Contenuto riservato agli abbonati

Elezioni 2020: Volt in lista con Palazzi 2020, Rifondazione avrà un suo candidato

Grande Mantova: capolista sarà Marco Ferrari l’ex Cinque Stelle che si è visto rifiutare il simbolo a favore dell’alleanza con la Costani

MANTOVA. Volt, il partito paneuropeo fondato da tre ragazzi nel 2017, non schiererà alle elezioni comunali di Mantova una propria lista, ma sarà ugualmente parte della competizione elettorale a sostegno del sindaco uscente Mattia Palazzi.

Lo farà con due esponenti che saranno candidati con la Lista gialla Palazzi 2020. Lo hanno annunciato lunedì 17 agosto con un comunicato congiunto Volt e Lista Palazzi 2020. «Volt e Lista gialla - si legge - hanno individuato una piena condivisione di idee e valori». Ricerca, innovazione, università, digitalizzazione, ambiente, sviluppo sostenibile, città sempre più europea e internazionale sono i principali obiettivi comuni dei due movimenti, su cui spicca l’agenda Onu 2030. In particolare, Volt e Lista gialla, si legge ancora nel comunicato, «si caratterizzano entrambi nell’obiettivo di far partecipare e coinvolgere nella politica cittadina sempre più le nuove generazioni di mantovani».

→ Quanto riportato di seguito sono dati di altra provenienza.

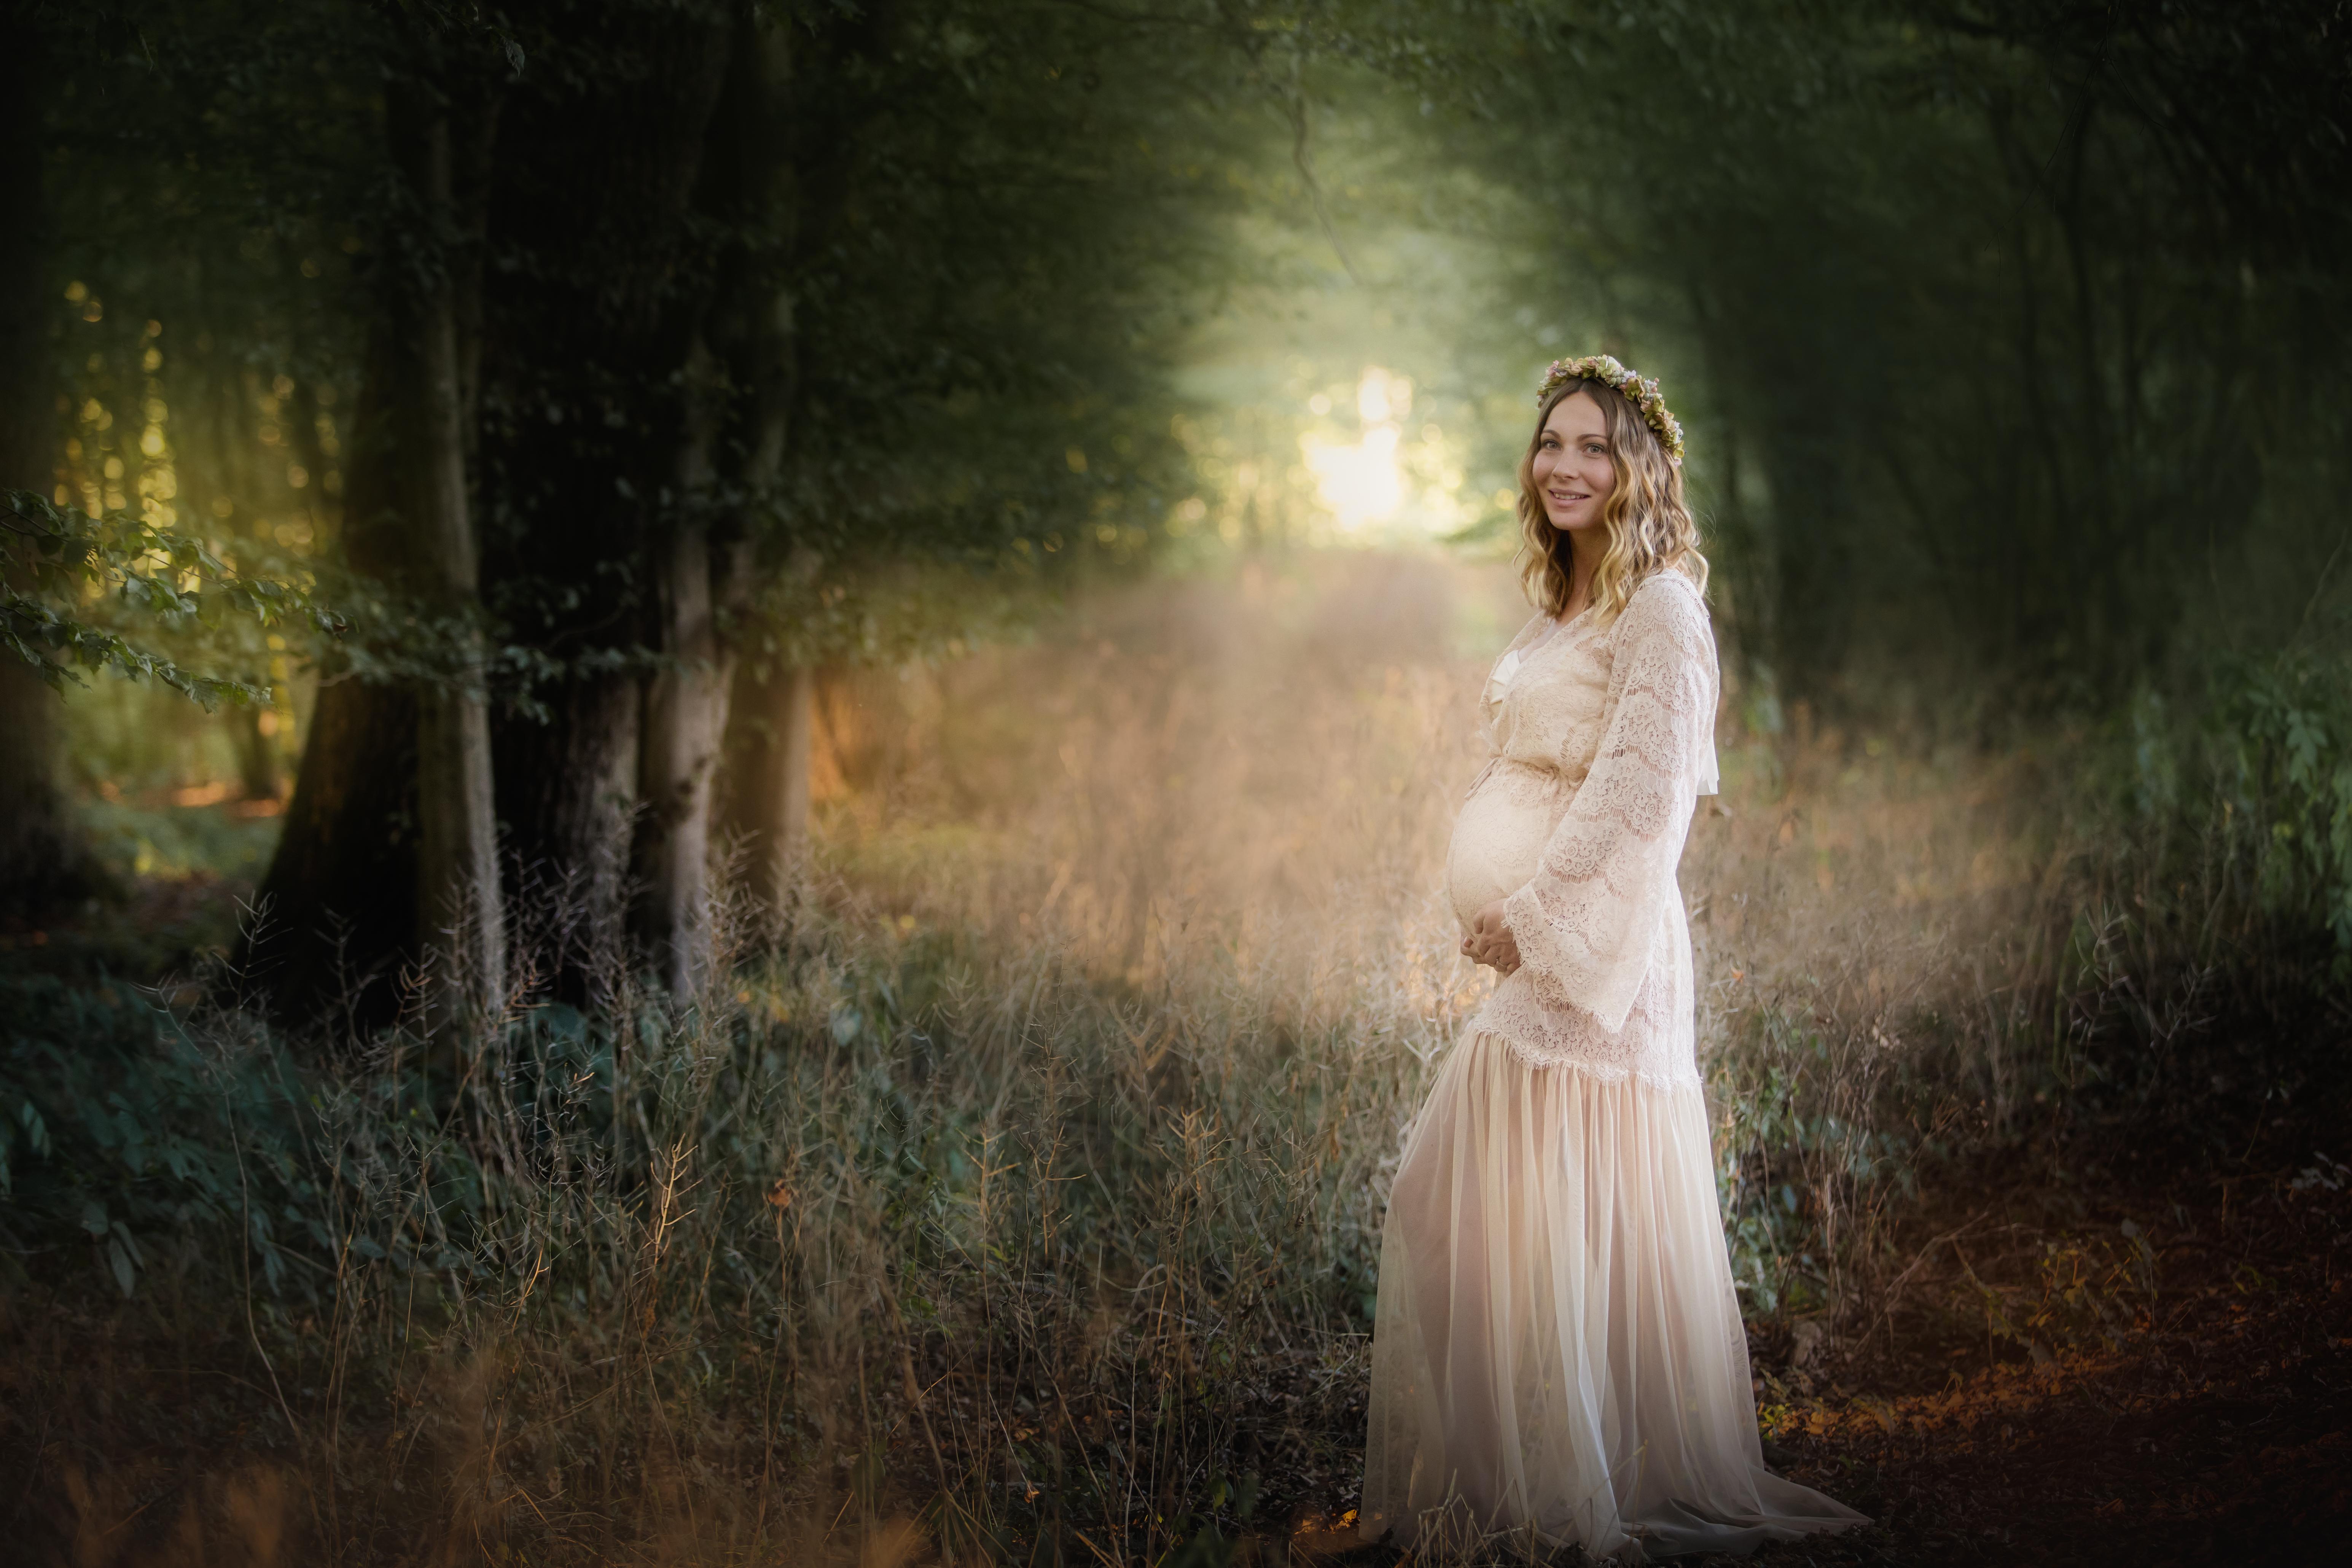 Schwangerschaftsfotos im ausgefallenem Shootingkleid

Da qui le candidature di Annalisa Lerose e Francesco Viola, entrambi alla rima esperienza elettorali. La prima è medico, anestesista-rianimatore e mamma di due figli, in prima fila nella lotta al Covid-19, la cui esperienza «sarà un contributo fondamentale per la città di Mantova durante questo difficile periodo storico». Il secondo Francesco Viola, studente di ingegneria aerospaziale al Politecnico di Milano che si è messo al servizio della comunità «per puntare sulla ricerca e per far sì che i giovani siano in prima fila sia nel presente che nel futuro di Mantova, dell’Italia e dell’Europa».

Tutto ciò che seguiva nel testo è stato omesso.